**EXCERPTED DATA:**
--- START ---

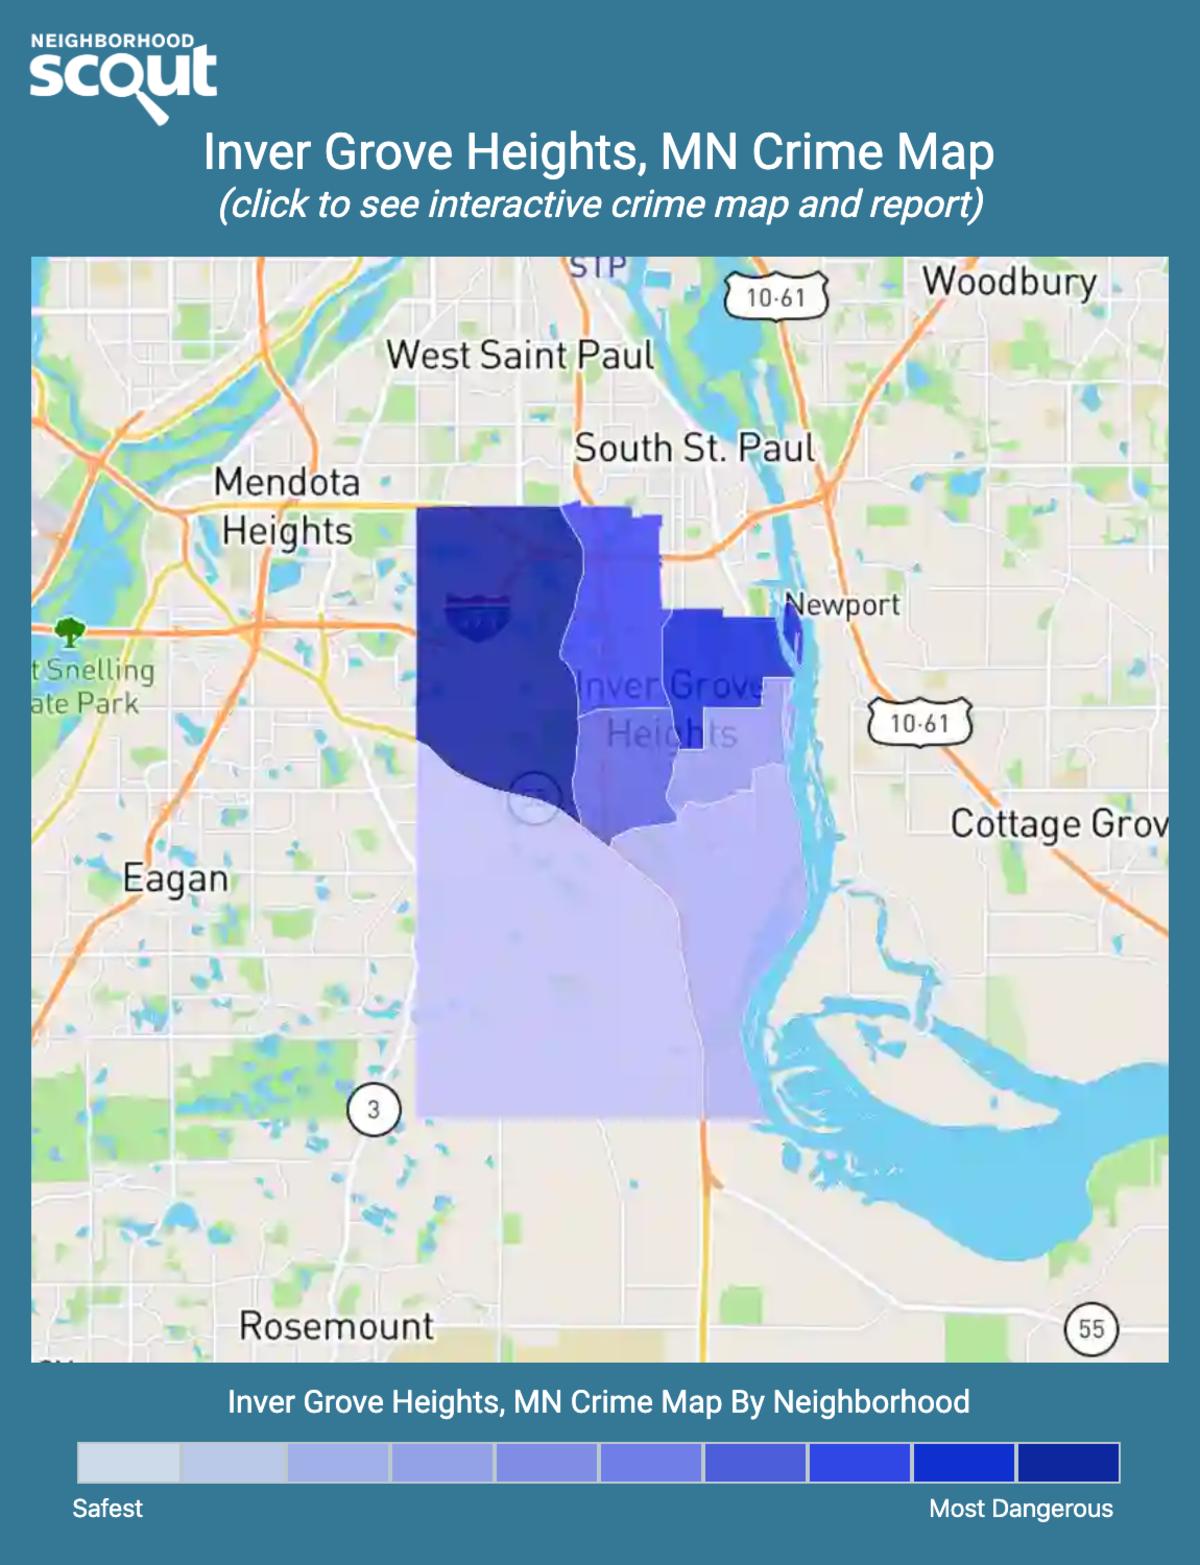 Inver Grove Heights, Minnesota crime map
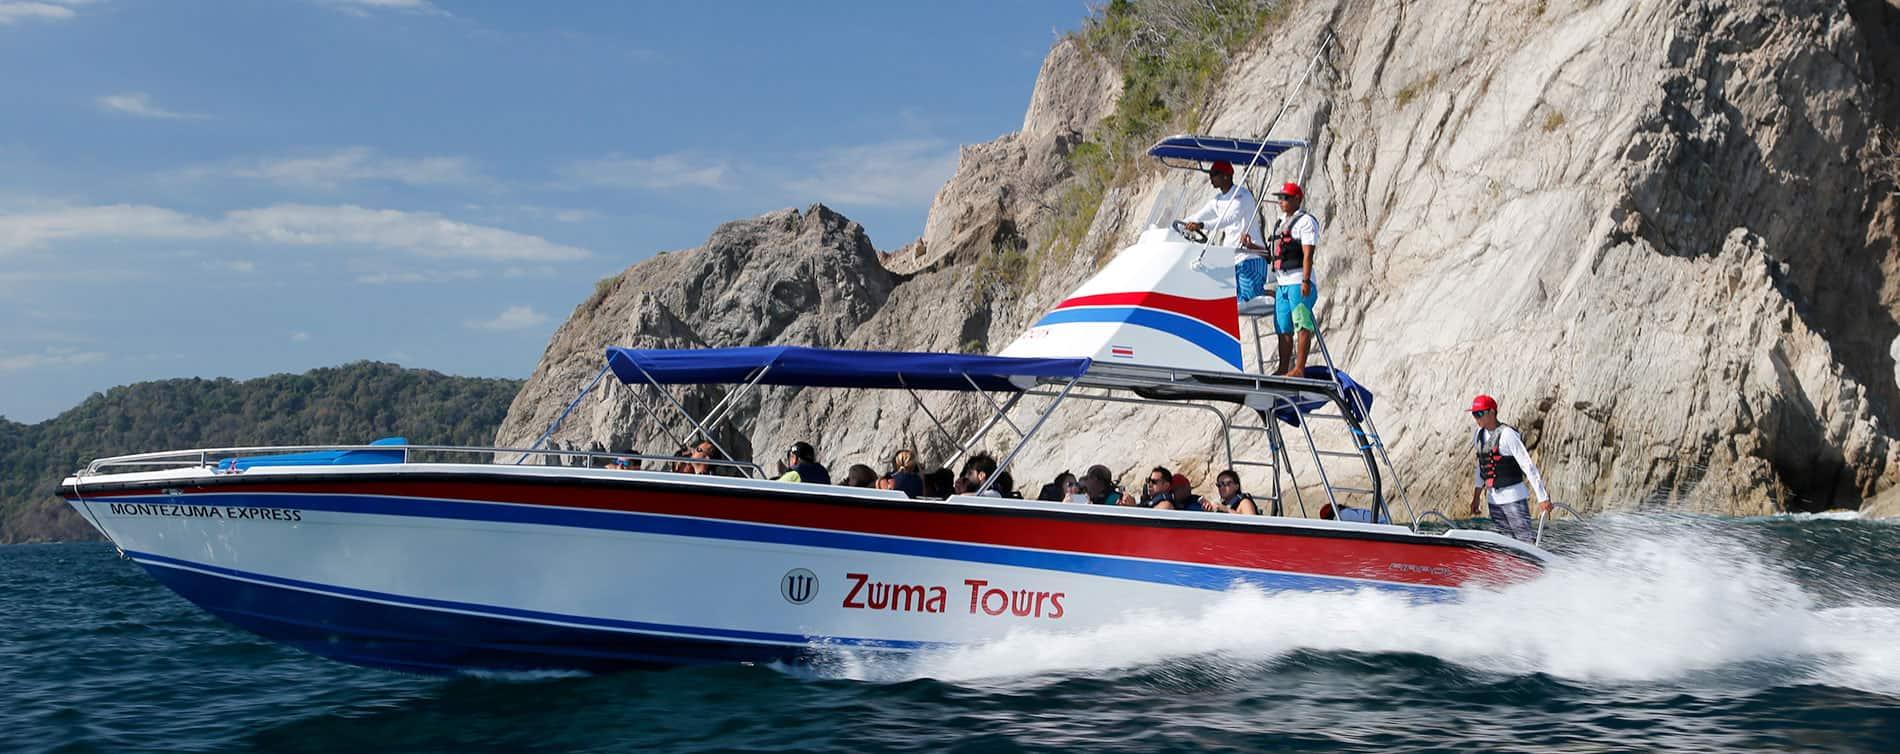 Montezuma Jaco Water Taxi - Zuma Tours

--- END ---
--- START ---

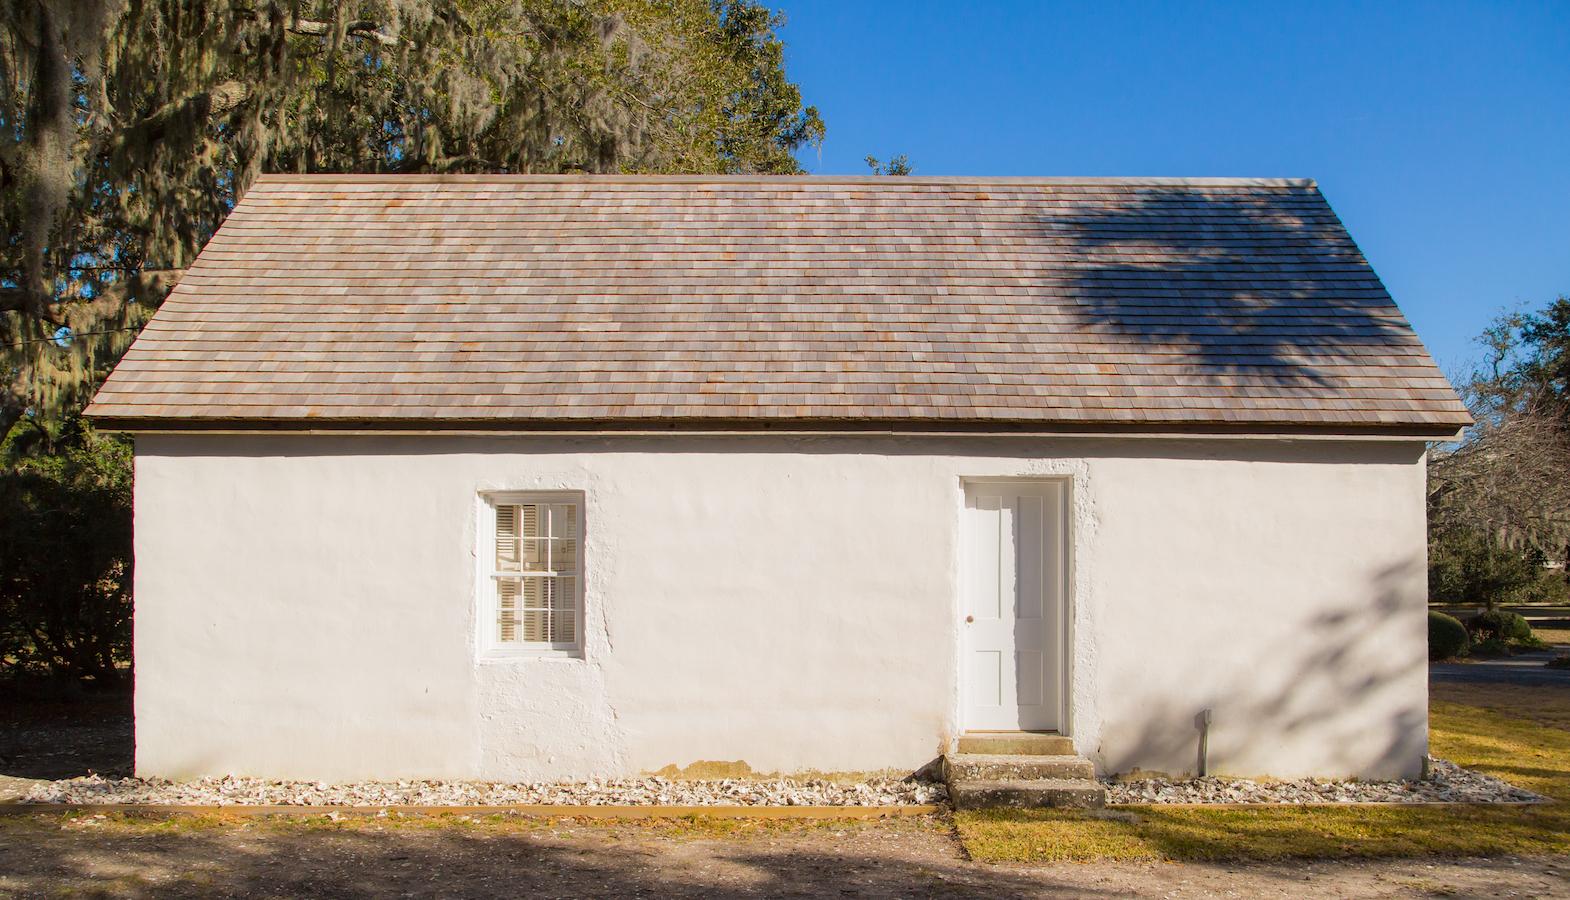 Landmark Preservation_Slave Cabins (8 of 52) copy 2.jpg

--- END ---

**WHAT IS NEEDED:** Write out the lines above from the one with "Inver Grove Heights, Minnesota crime map" through the one with "Montezuma Jaco Water Taxi - Zuma Tours", ends included, exactly; no picture goes in.

**REPLY:**
 Inver Grove Heights, Minnesota crime map
 Montezuma Jaco Water Taxi - Zuma Tours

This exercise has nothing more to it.